* The task *
Ignoring every picture, return the lines of the listing below word for word, from the line that holds "Juicy ripe peach, a" through the line that holds "Deputy City Attorney".

* Records provided *
┌────────

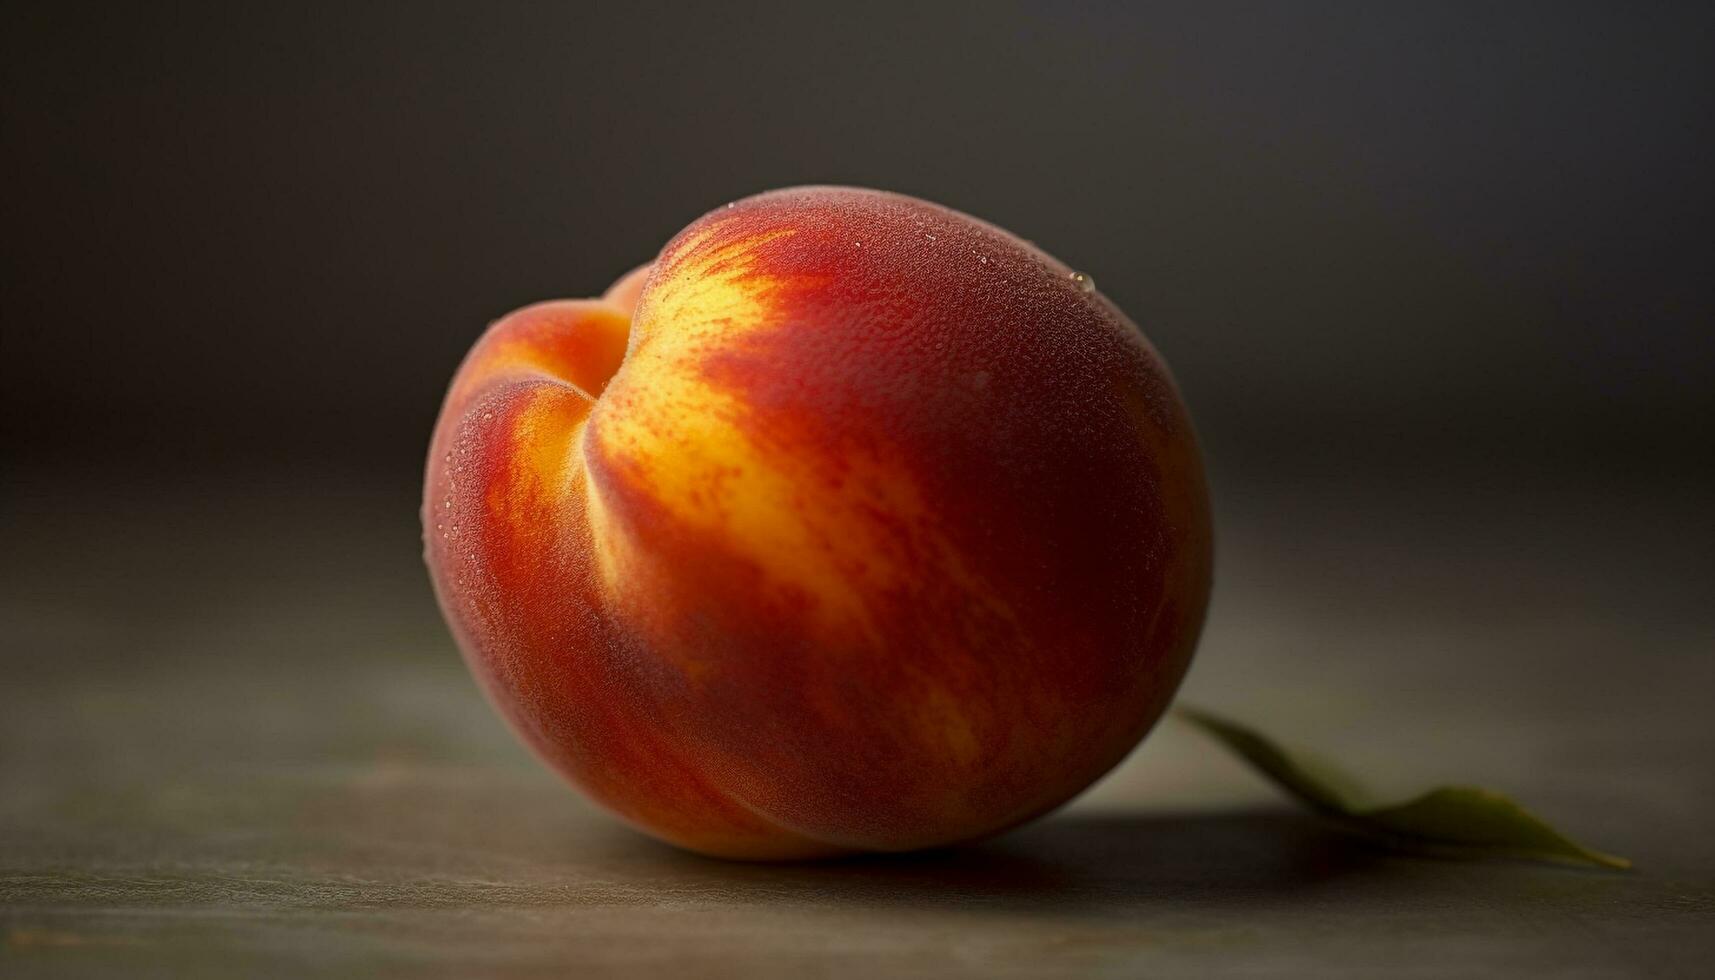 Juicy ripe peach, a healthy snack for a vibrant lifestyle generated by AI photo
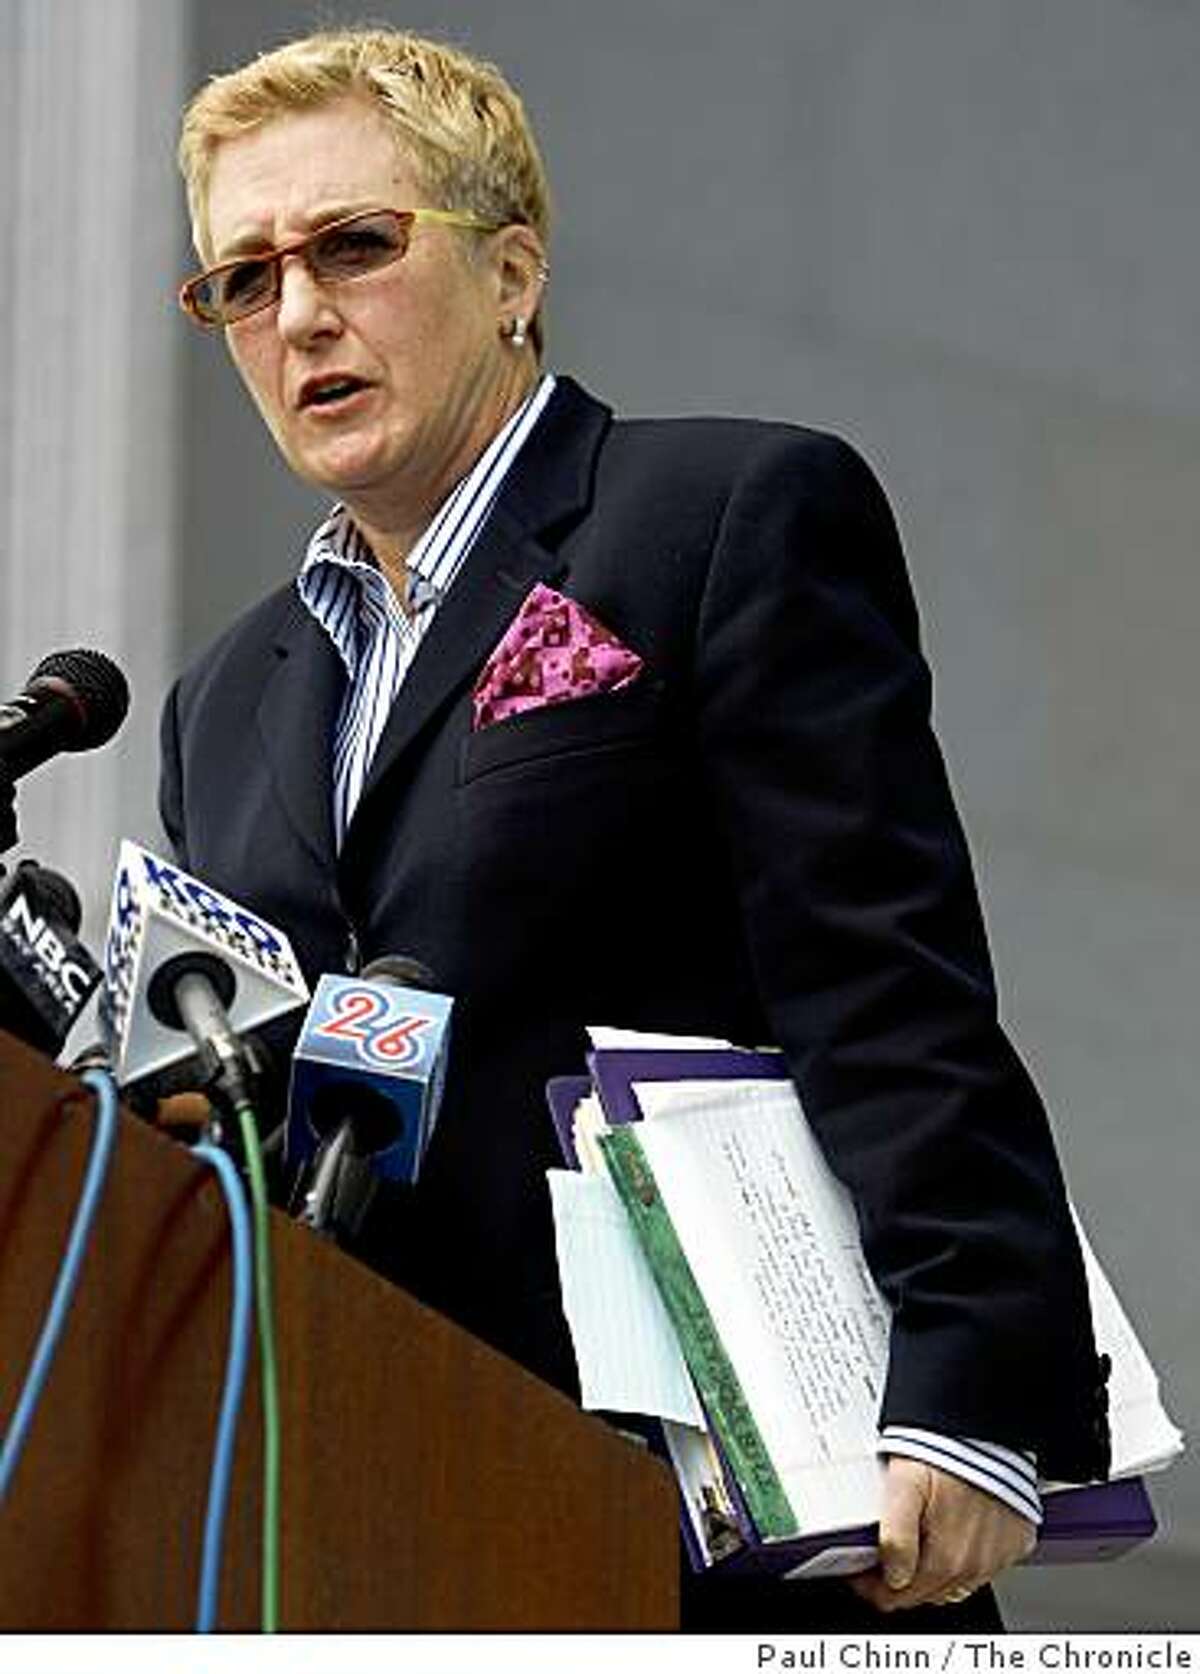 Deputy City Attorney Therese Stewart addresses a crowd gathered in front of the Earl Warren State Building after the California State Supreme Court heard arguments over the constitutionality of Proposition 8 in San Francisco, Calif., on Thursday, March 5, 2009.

└────────
┌────────

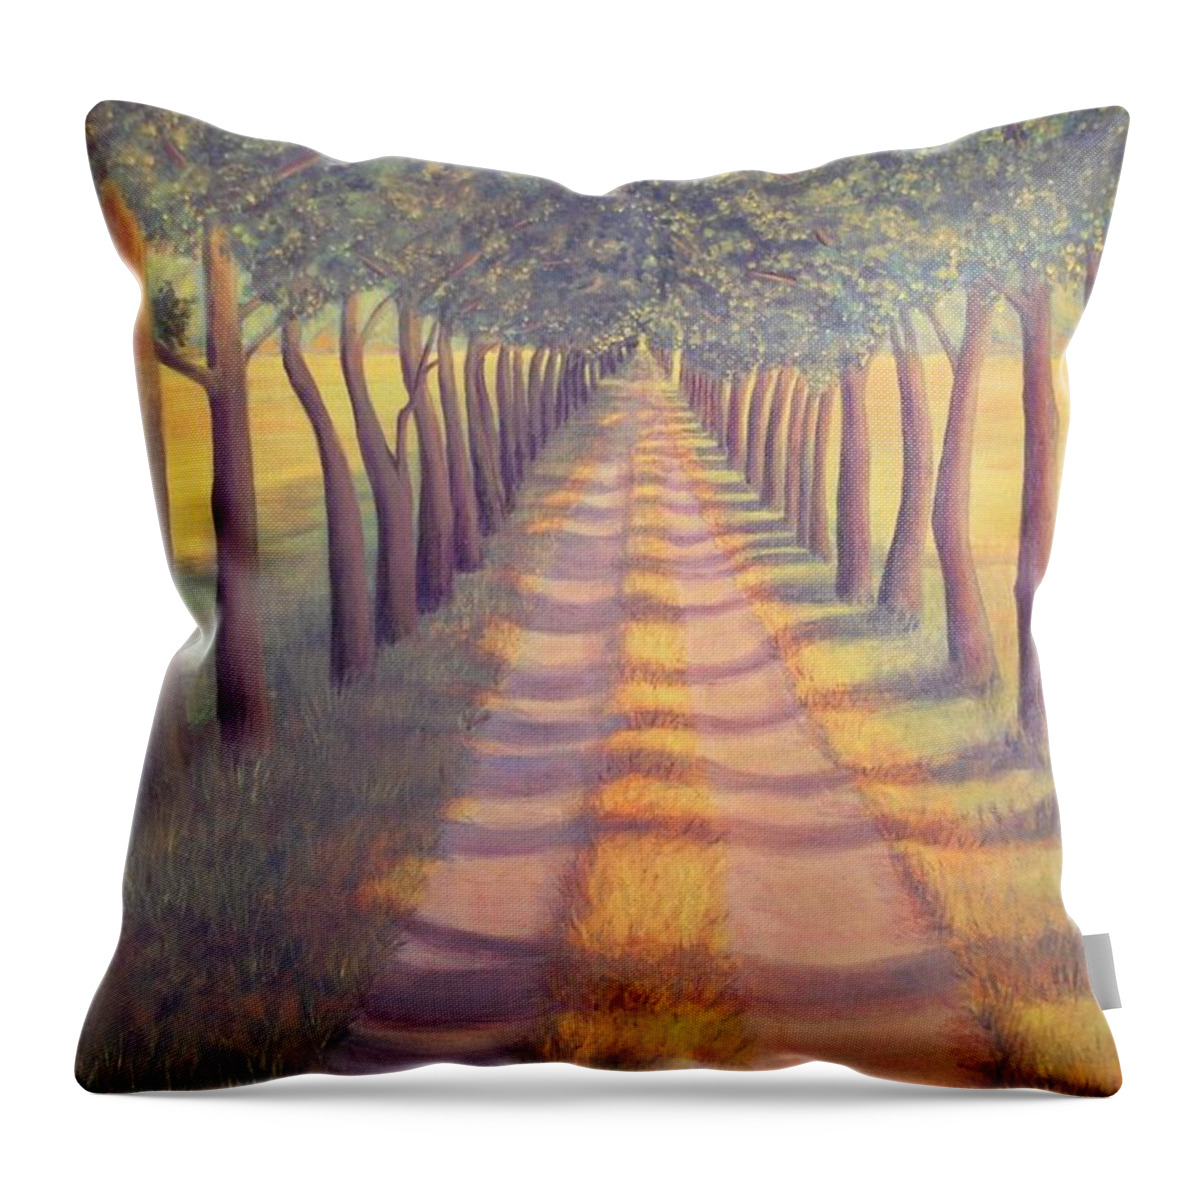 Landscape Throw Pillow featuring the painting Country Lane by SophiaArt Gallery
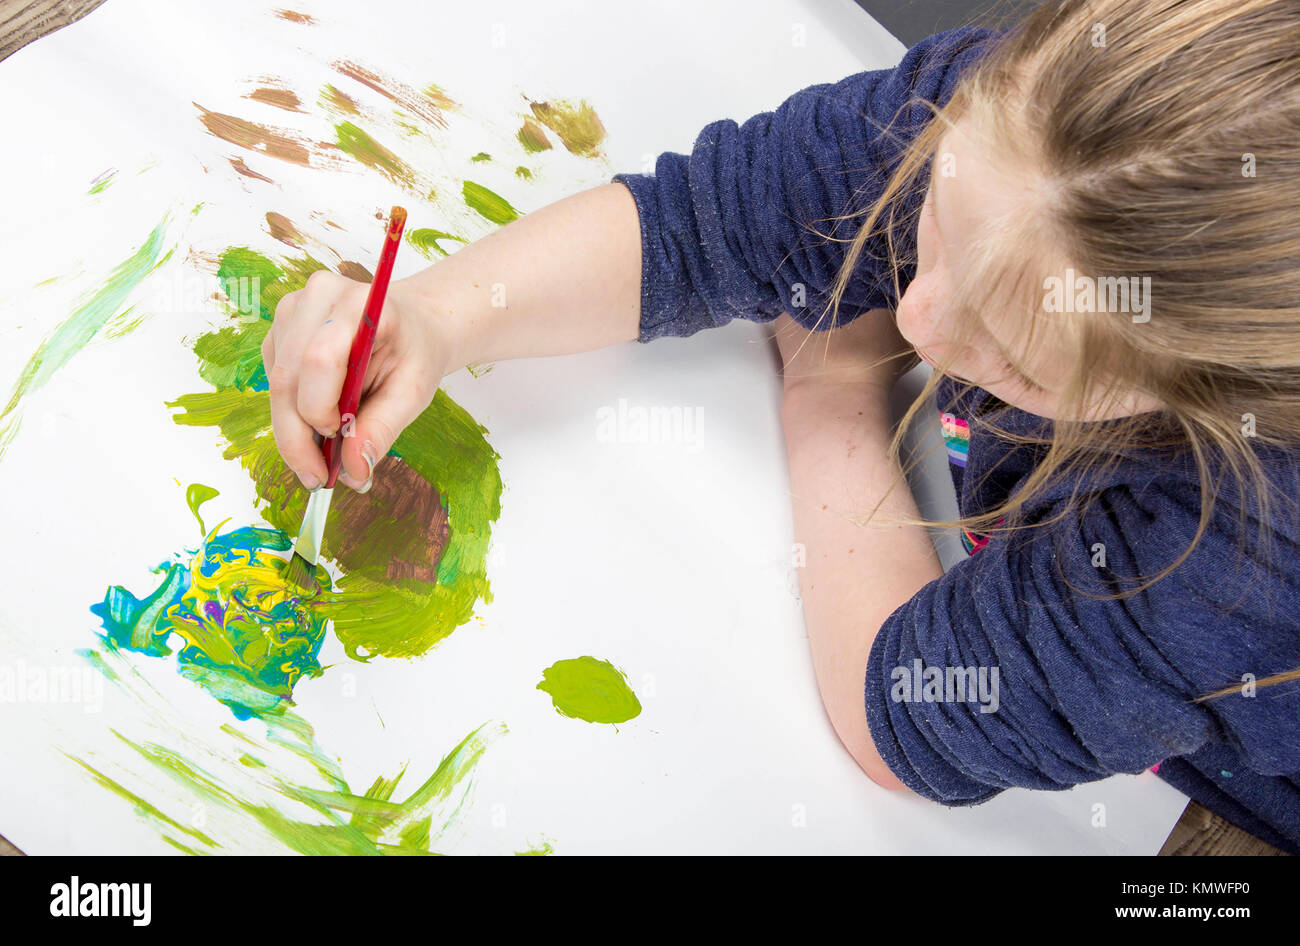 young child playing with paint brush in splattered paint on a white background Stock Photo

└────────
┌────────

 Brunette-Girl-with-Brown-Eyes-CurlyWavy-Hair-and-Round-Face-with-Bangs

└────────

* Solution to this task *
 Juicy ripe peach, a healthy snack for a vibrant lifestyle generated by AI photo
 Deputy City Attorney Therese Stewart addresses a crowd gathered in front of the Earl Warren State Building after the California State Supreme Court heard arguments over the constitutionality of Proposition 8 in San Francisco, Calif., on Thursday, March 5, 2009.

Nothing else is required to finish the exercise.